主な結果:フォーティーンの研究は、ランダムにこのレビューに関心の比較に急性喘息を持つ2313人を割り当て、包含基準を満たしました。ほとんどの研究は、1.2gまたは2g IV Mgso4の1回注入を15-30分にわたって比較した二重盲検試験と、一致するプラセボとを比較した二重盲検試験で 11回は1つのセンターで実施され、3回は複数のセンター試験で行われた。 調査のほとんどすべての関係者は既にEDの少なくとも酸素、nebulised短い機能のbeta2アゴニストおよびIV副腎皮質ホルモンを与えられました;ある調査では、調 参加者の平均年齢が18歳を超えていたため、これらが含まれていました。Mgso4静脈内投与はプラセボと比較して入院を減少させた(オッズ比(OR)0.75、95%信頼区間(CI)0.60〜0.92、I(2)=28%、P値0.18、n=972、質の高いエビデンス)。 絶対的に言えば、このオッズ比は、IV Mgso4で治療された成人100人ごとに7人の入院を減らすことにつながります(95%CIは2人から13人少なくなります)。 サブグループの違いのためのテストは、三つの重症度サブグループ(I(2)=0%、P値0.73)または共投薬としてネブライズ臭化イプラトロピウムを投与した四つの研究とそうでなかった研究(I(2)=0%、P値0.82)の間に統計的な異質性を明らかにしなかった。 未発表のデータおよび盲検リスクの高い研究を一次分析から除去した感度分析は、結論を変更しなかった。二次アウトカムの中で、3つの肺活量指数にわたる高および中程度の質のエビデンスは、IV Mgso4による肺機能のいくらかの改善を示唆している。 低または中程度の品質(集中治療入院、ED治療期間、入院期間、再入院、呼吸数、収縮期血圧)として評価された非spirometric二次アウトカムのほとんどのためのIV Mgso4と偽薬の間に差は認められなかった。有害事象は一貫して報告されておらず、メタ分析はされていませんでした。 IV Mgso4群で最も一般的に引用されている有害事象は、潮紅、疲労、悪心および頭痛および低血圧(低血圧)であった。

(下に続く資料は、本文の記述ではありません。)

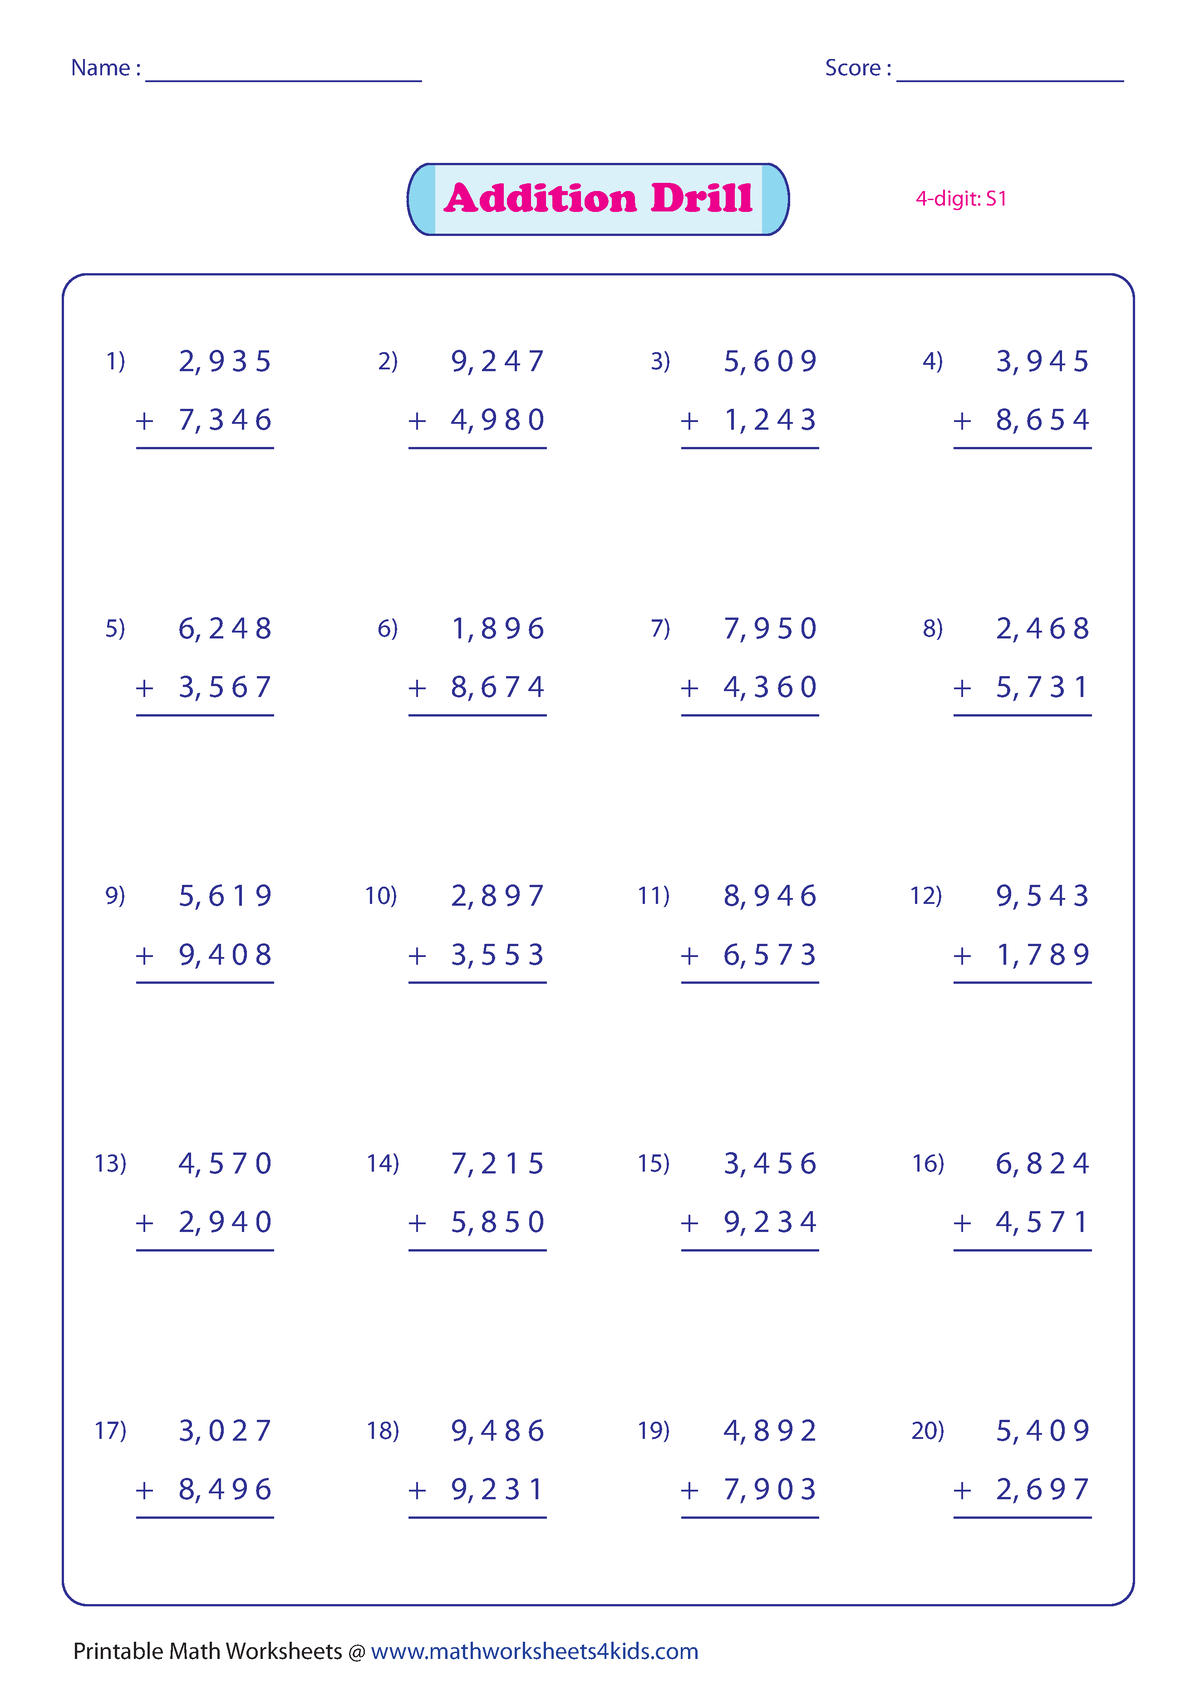 Printable Worksheets Mathworksheets4kids Com

著者の結論:このレビューは、1.2gまたは2g IV Mgso4を15-30分にわたって単回注入すると、酸素、噴霧短時間作用型beta2アゴニストおよびIVコルチコステロイドに十分に反応していない急性喘息の成人における入院を減少させ、肺機能を改善するという証拠を提供する。 試験の実施方法の違いにより、レビュー著者は、増悪の重症度または追加の併用薬がIV Mgso4の治療効果を変化させたかどうかを評価することが困難に 限られた証拠は、利益と安全性の他の措置のために発見されました。これらの集団で実施された研究は、ベースラインの重症度パラメータを明確に定義し、有害事象を体系的に記録すべきである。 様々な重症度の悪化を有する参加者を募集する研究は、受け入れられた重症度分類に基づいてサブグループ化結果を検討すべきである。